ベートーヴェンにも、恋愛がらみではないか、と思われる曲はありますが、たしかに〝遊びの恋〟ではなく〝本気の恋〟のようです。
バッハがナンパ !?
あの音楽室のいかめしい肖像からは、バッハの恋など想像つかないかもしれませんが、面白い記録が残っているのです。
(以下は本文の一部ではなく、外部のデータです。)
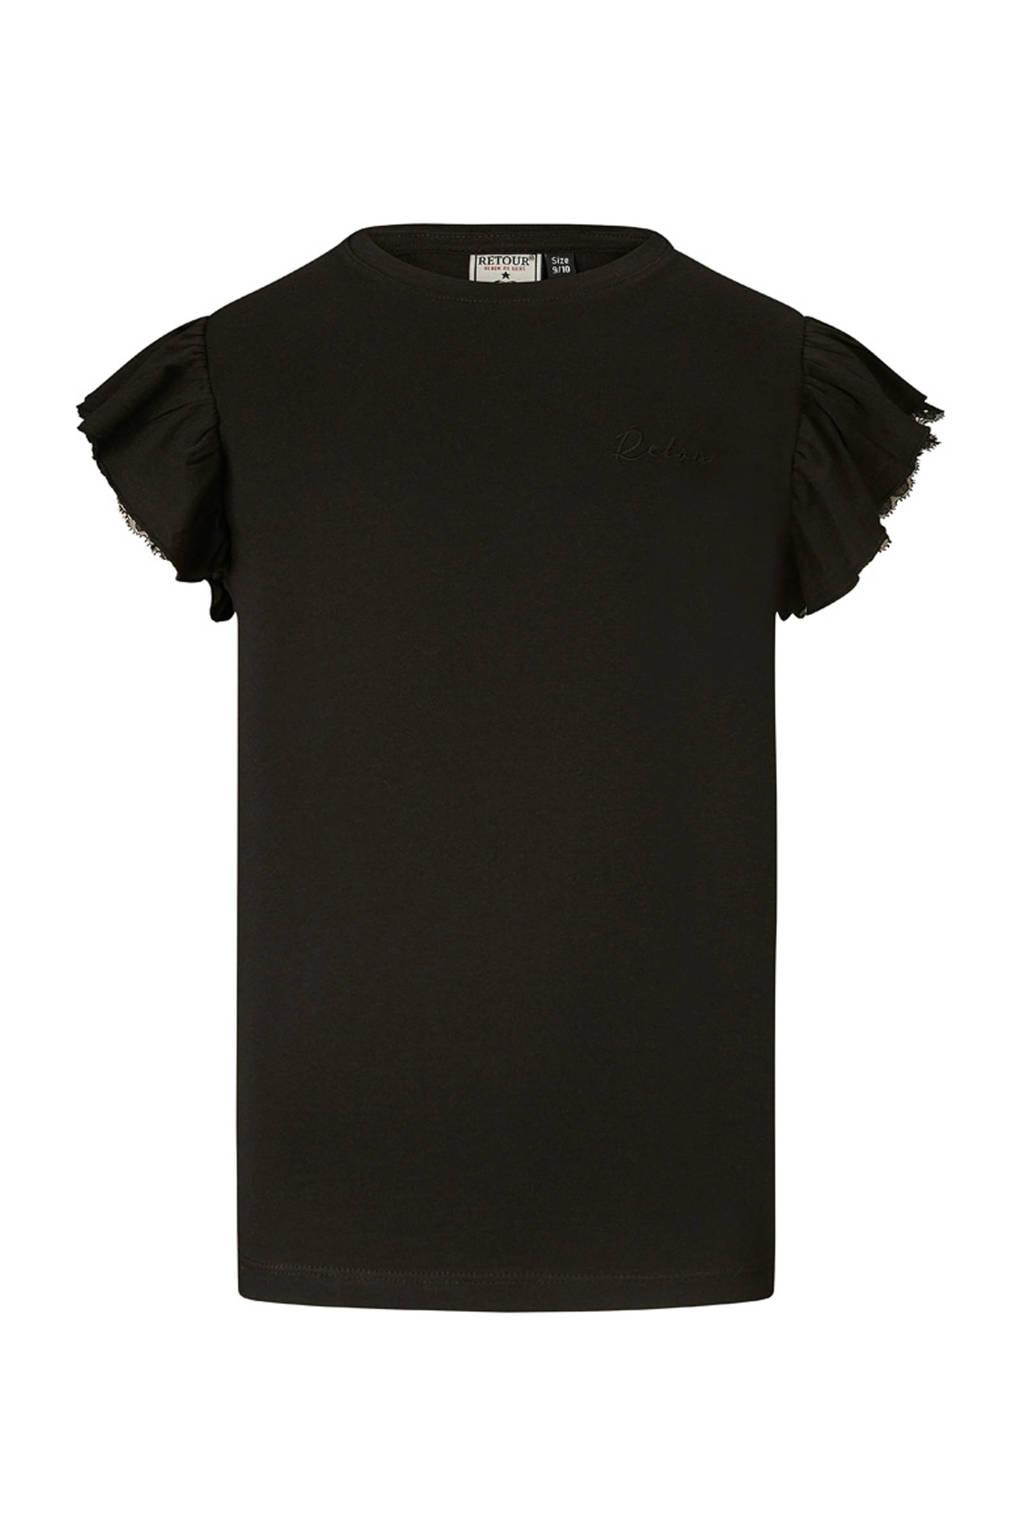 Retour Denim T-shirt Hanna met borduursels zwart, Zwart

若い頃、アルンシュタットという町の教会のオルガニストの職についたのですが、21歳のとき、市当局から譴責処分を受けています。
今も残る譴責状にはこう記載されています。
『最近彼が見知らぬ若い女性をオルガン室に入れて演奏させたのは、いかなる権限によってであるか、彼に聞きたい。』
ここから想像されるのは、こんな一幕です。
『ねぇ、パイプオルガン弾いてみたくない?』
『えっ、そこって女人禁制でしょ?ムリムリ~』
『だいじょーぶ、俺に任せなって』
『ホント?一度弾いてみたいって思ってたんだ!』
『よし、ついてきなよ』
『マジで~⁉︎ バッハさんすごーい!』
バッハを神聖視する後年の伝記作家はこの記録の処理に困り、この女性は、後年結婚する最初の妻マリア・バルバラであった、と結論づけていますが、その証拠は何もありません。
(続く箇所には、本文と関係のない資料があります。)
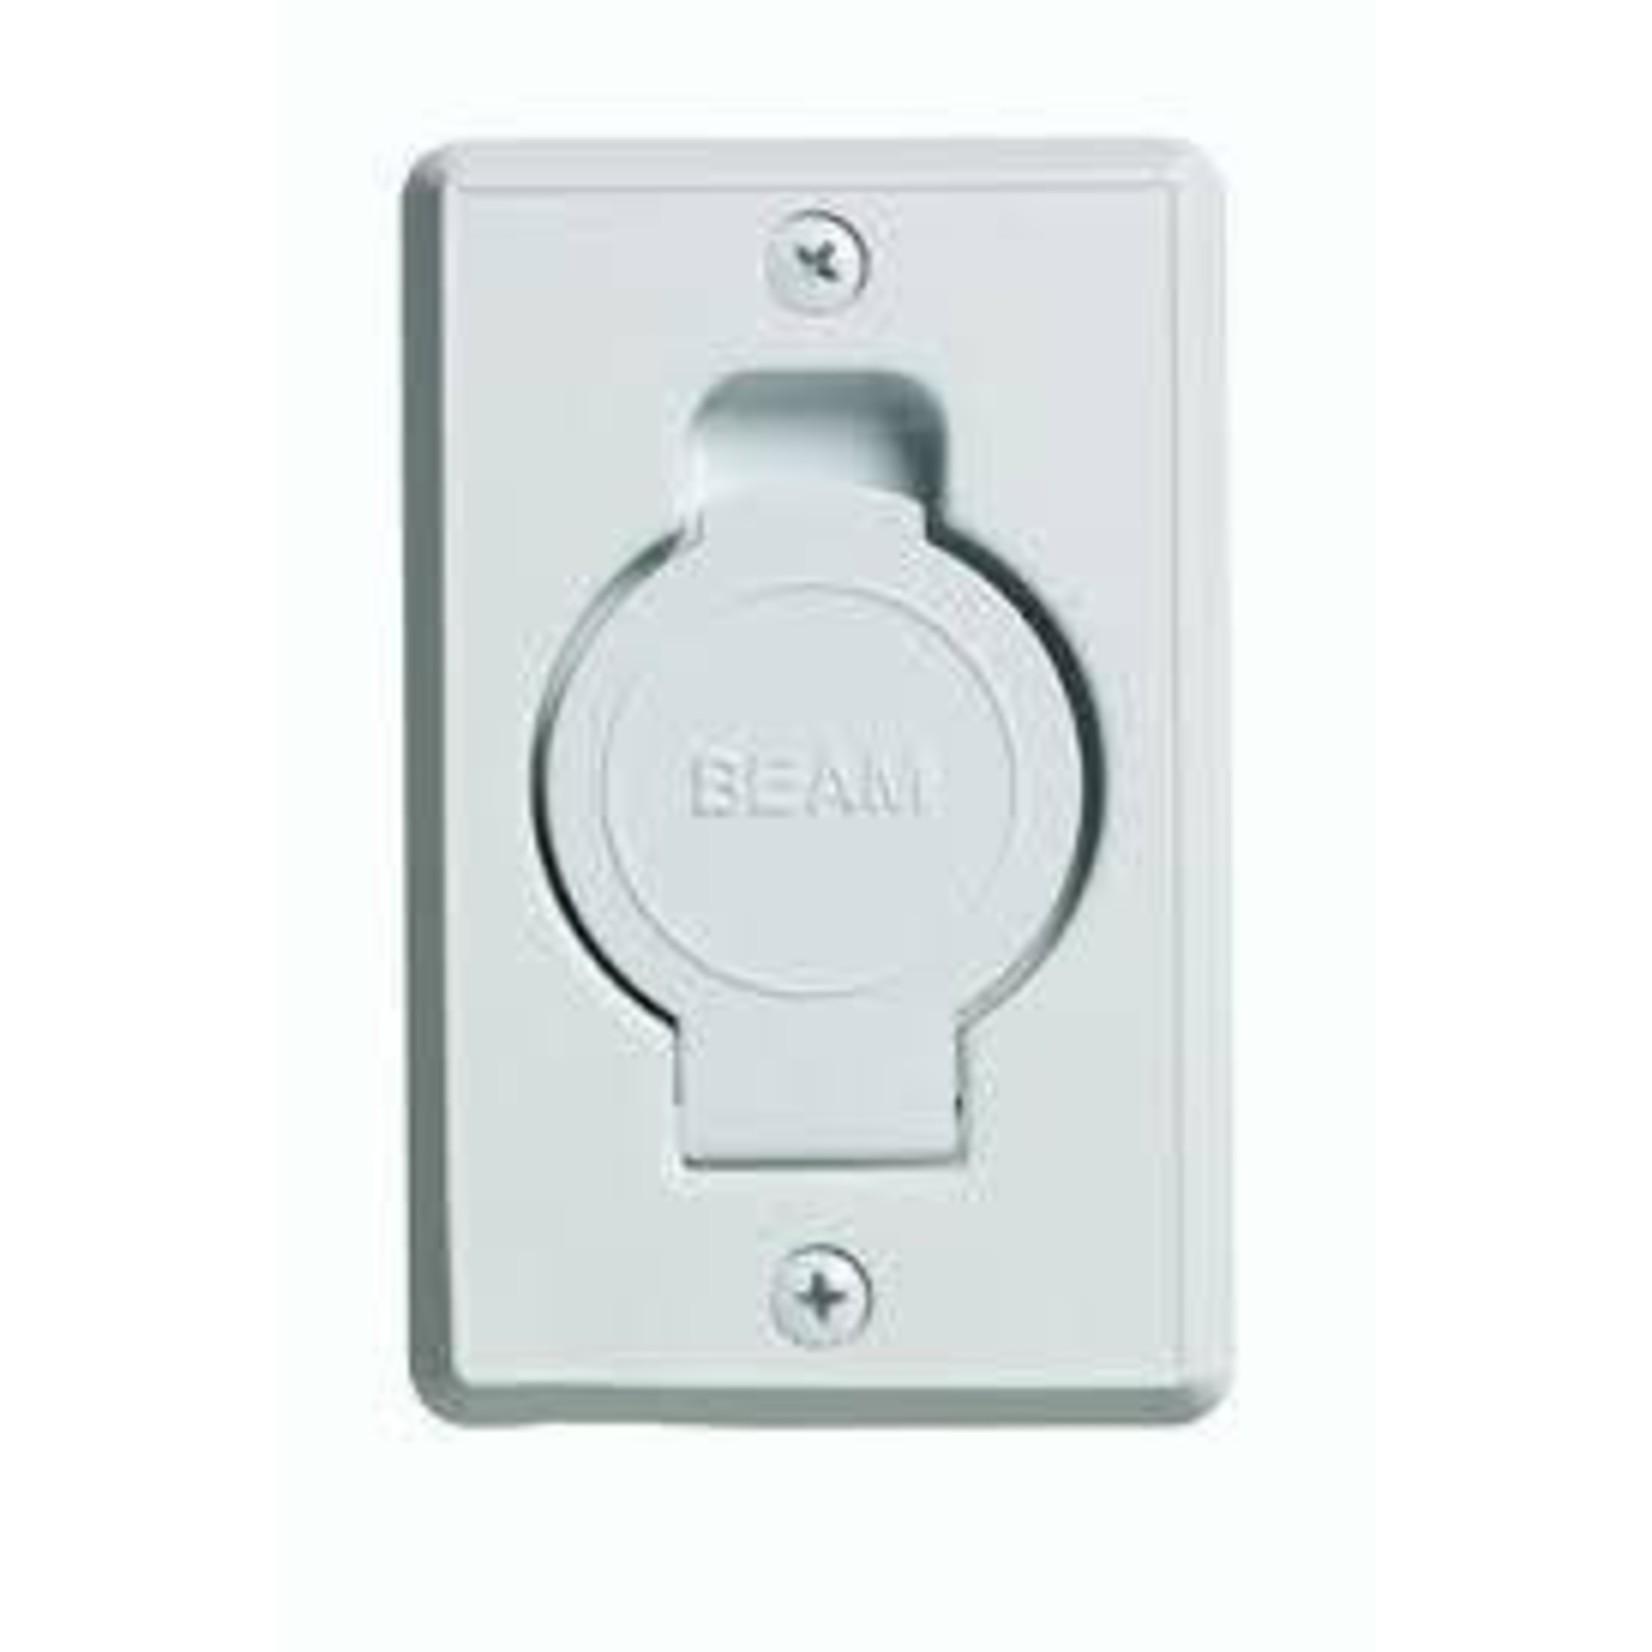 Plastiflex Beam Round Door Valve (Low Volt) - White (24pk)

バッハの曲が崇高だからといって、人物的にも崇高だと考えるのは、後世の勝手なイメージですね。
バッハももちろん、人間味あふれる男だったのです。
子供も、最初の妻との間に7人、後妻との間に13人、計20人も作りました。
ある意味、真面目かもしれませんが・・・。
そんなバッハの〝本気の恋〟を現しているのではないか、と私が感じるのが、このヴァイオリン・コンチェルトです。
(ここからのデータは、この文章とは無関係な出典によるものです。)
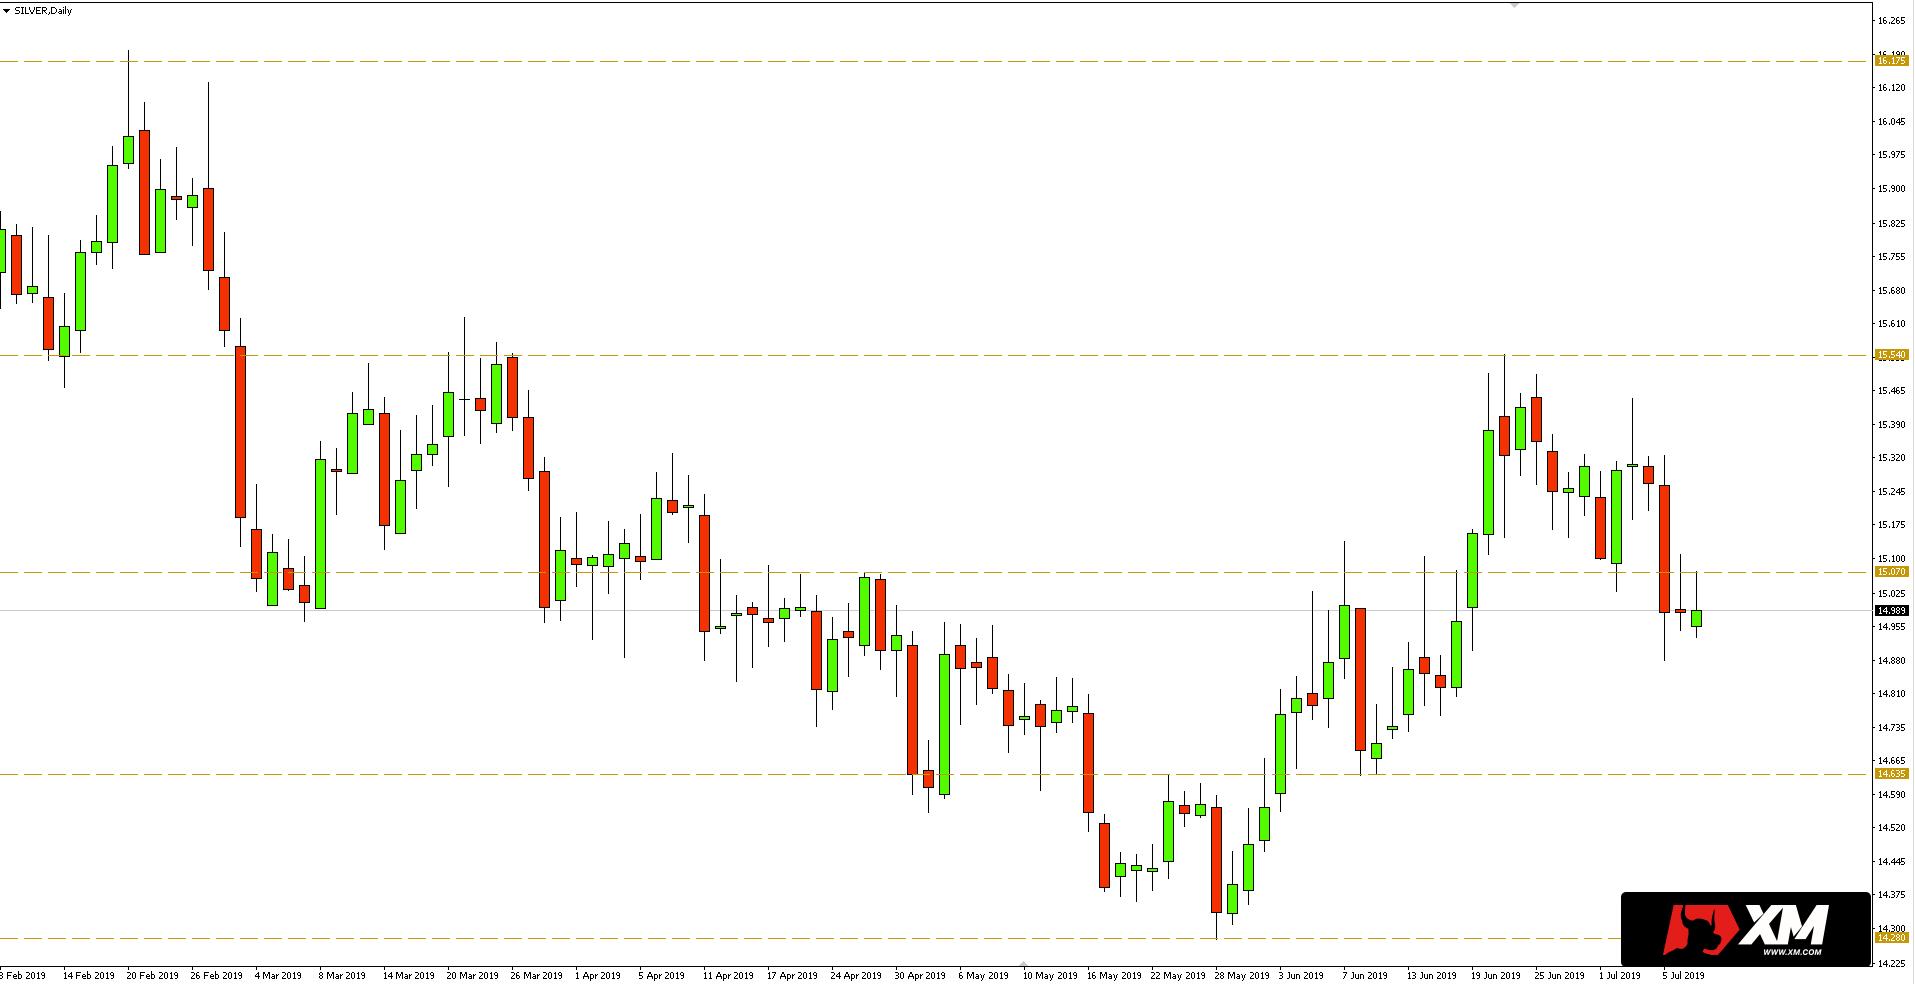 Kurs srebra do dolara (XAG/USD) - wykres dzienny - 9 lipca 2019

バッハ『ヴァイオリン協奏曲 第1番 イ短調 BWV1041』
Concerto for Violin , Strings ,and Continuo , in A minor BWV1041
演奏:サイモン・スタンデイジ(ヴァイオリン独奏)
トレヴァー・ピノック指揮イングリッシュ・コンサート
Simon Standage(Violin)
Trevor Pinnock & The English Concert
ツン、とすました感じでさりげなく始まりますが、ヴァイオリン・ソロの妙技は縦横無尽に、次から次へと新たなパッセージを繰り出し、その緻密さは、聴く人に深い充実感を与えます。
第2楽章 アンダンテ
この楽章こそ、バッハの秘めた恋心の表出だと思うのです。
冒頭からトゥッティが奏でるバッソ・オスティナート(固執低音)は、まさに、届かぬ思いを込めた深いため息。そしてその低音の上に奏でられるヴァイオリンの澄み切った響き。好きな人のことを考えたときに胸の内に流れる蜜のような、切ないまでの甘美さ。バッハがこの曲を書いたとき、恋愛を意識しなかったとは、とても思えないのです。
第3楽章 アレグロ・アッサイ
再び、第1楽章のようなすました感じに戻ります。まったく、この曲はツン、デレ、ツン、の3部からなる恋愛コンチェルト、とでも呼びたくなります。
舞曲のリズムで独奏ヴァイオリンが気取って踊り、なんでもないよ、といわんばかりにサッと終わるのです。
このコンチェルトを〝片思い〟の曲とすれば、次回は〝両想い〟の曲をご紹介します。
今回もお読みいただき、ありがとうございました。